SANTA ANA, Calif. – It's been said that precedent shapes the law.

As a Japanese American who had relatives who were imprisoned in internment camps, presiding Orange County Superior Court Judge Kirk Nakamura, had plenty of reason to not trust the government.


What You Need To Know


  • West Justice Center will be named after Stephen K. Tamura - OC's first Asian American Superior Court Justice

  • Tamura persevered through prejudice and internment during WWII

  • Tamura served in the highly-decorated 442nd Regimental Combat Team - comprised largely of Japanese Americans

  • He died in 1982

“There was a great mistrust in the Japanese American community  and in general of government, and when I made my decision to go into law it certainly weighed upon me as to whether I should be part of this system,” Nakamura says.

But Nakamura is seeing progress.

Orange County Superior Court’s West Justice Center in Westminster is going to be named after a man that Nakamura might not have his seat at the bench without - the first Asian-American Superior Court Justice in the county’s history - Justice Stephen K. Tamura.

“When you see the accomplishments of Stephen K. Tamura, you see the accomplishments of a trailblazer who basically showed the way in the legal profession as to how Asians ultimately could succeed,” Nakamura said.

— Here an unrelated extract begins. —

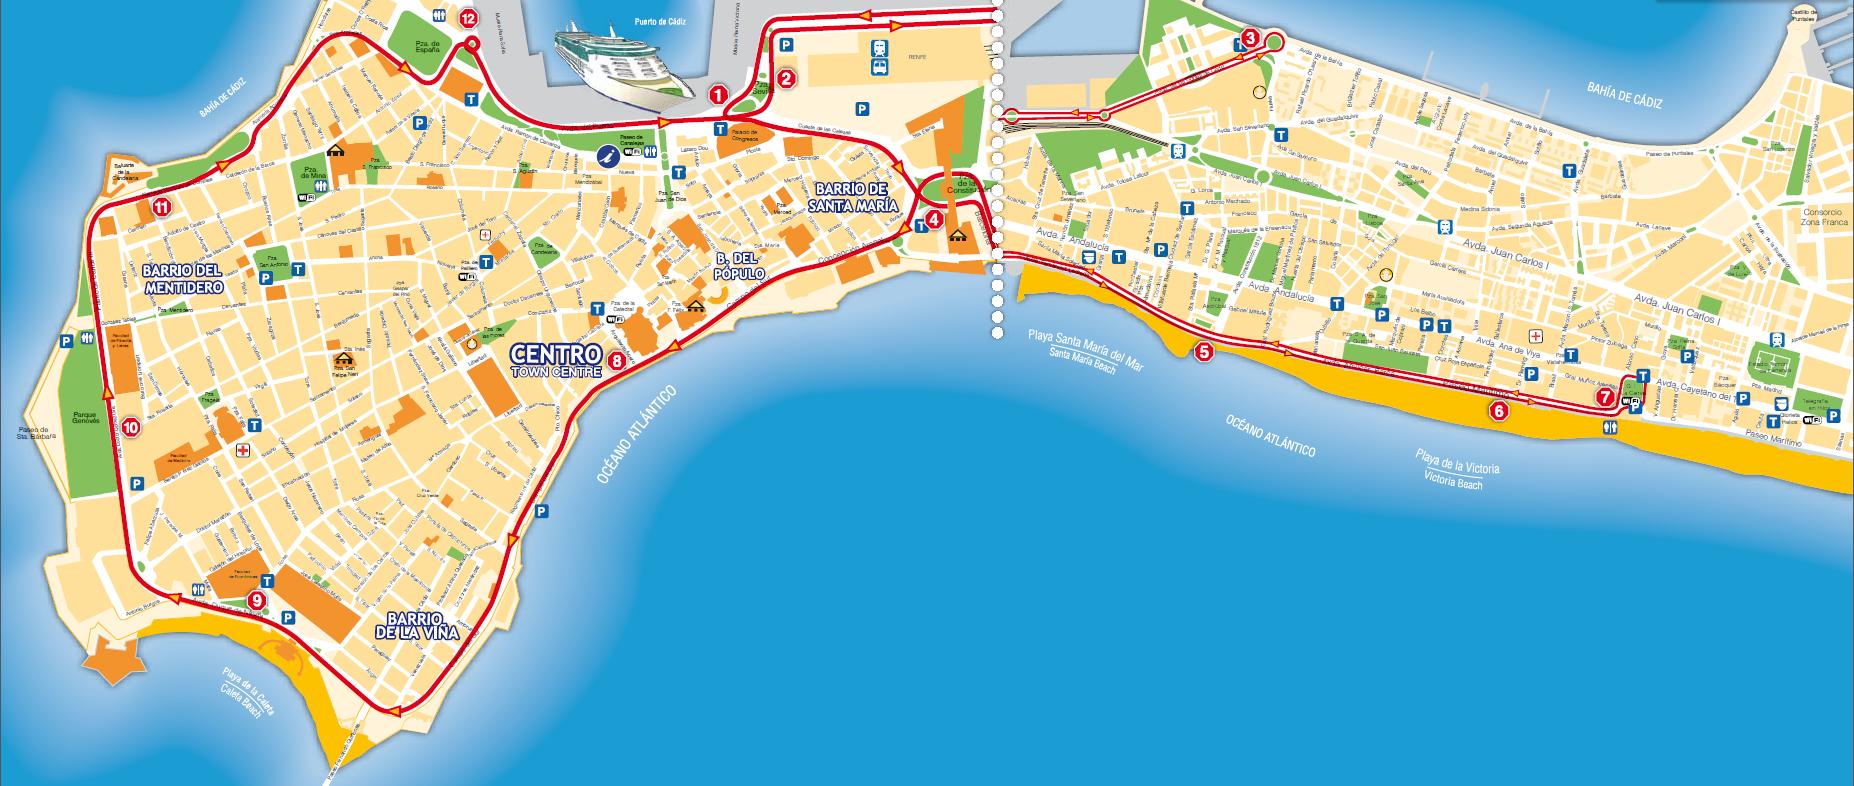 cadix-bus-localisation-carte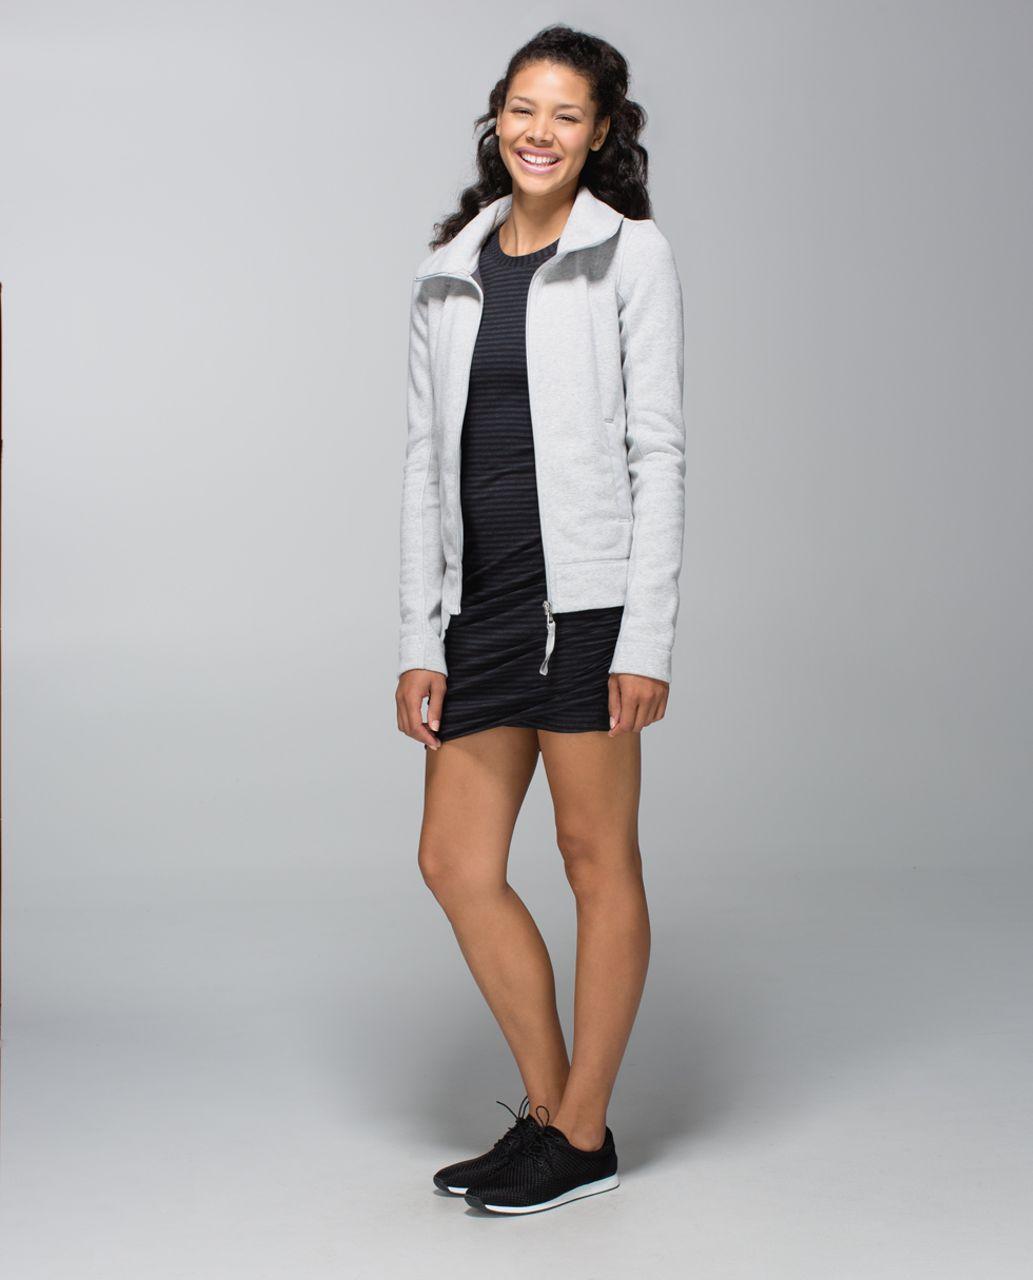 Lululemon Anytime Dress - Classic Stripe Heatheredblack Black

Justice Tamura was a man of many firsts.

In addition to being the county’s first Asian American Superior Court Judge, he was the county’s first Asian American to preside and serve as County Counsel, the first Asian American justice on the appellate court in the continental U.S., and he set the precedent as Orange County’s first Asian-American attorney.

He blazed a trail filled with contributions to both the county and the Asian American community, but ironically that trail was filled with injustice.

Along with 120,000 Japanese-Americans, Judge Tamura and his wife were imprisoned during World War II, in an internment camp - incarcerated in Poston, Arizona.

Tamura was permitted by the War Relocation Authority to study at Harvard School of Law in 1943. 

Remarkably, he enlisted in the army in 1945 and he the 442nd Regimental Combat Team - comprised largely of Japanese Americans - decided to join the war. Going “for broke,” he fought in both WWII and the war on prejudice they faced in America.

The 442nd Regimental Combat Team was the most decorated military unit for its size and length of service in U.S. history. Along with his comrades, Judge Tamura was awarded the Congressional Gold Medal in 2011.

Tamura, like many of the Nissei - second generation Japanese immigrants - was described as having a "quiet strength." They were a generation that endured much and chose to persevere.

“They fought for a country that interned their families, they fought for a county that excluded their race," Nakamura said.

Justice Tamura’s continued faith in the very institution that imprisoned him - the government - ultimately led him to prevail.

He attended Pomona College and graduated from the University of California, Berkeley. Following the completion of his studies, the private practice he established in 1938 is located at 202 E. Fourth Street in Santa Ana still stands today. The law office building was listed as a historical structure by the Bowers Museum Japanese American Council's Historic Building Survey in 1986.

The precedent set by Justice Tamura is part of the reason Judge Nakamura sits on his bench and presides over the County today.

It's been less than 40 years since Fred Korematsu’s conviction was overturned from a 1944 ruling, in which race was recognized as a “suspect classification” in a time where accusations of espionage were used against Japanese people without proof.

Justice Tamura’s father, Hisamatsu, an Orange County Pioneer farmer, has an elementary school in Fountain Valley named after him, and their name symbolizes both the path to progress and the wheels of justice in the county and the country.

“He’s an American story. It’s a story in which he overcame this huge adversity to him and to all the people of his race, to ultimately triumph,” Nakamura says.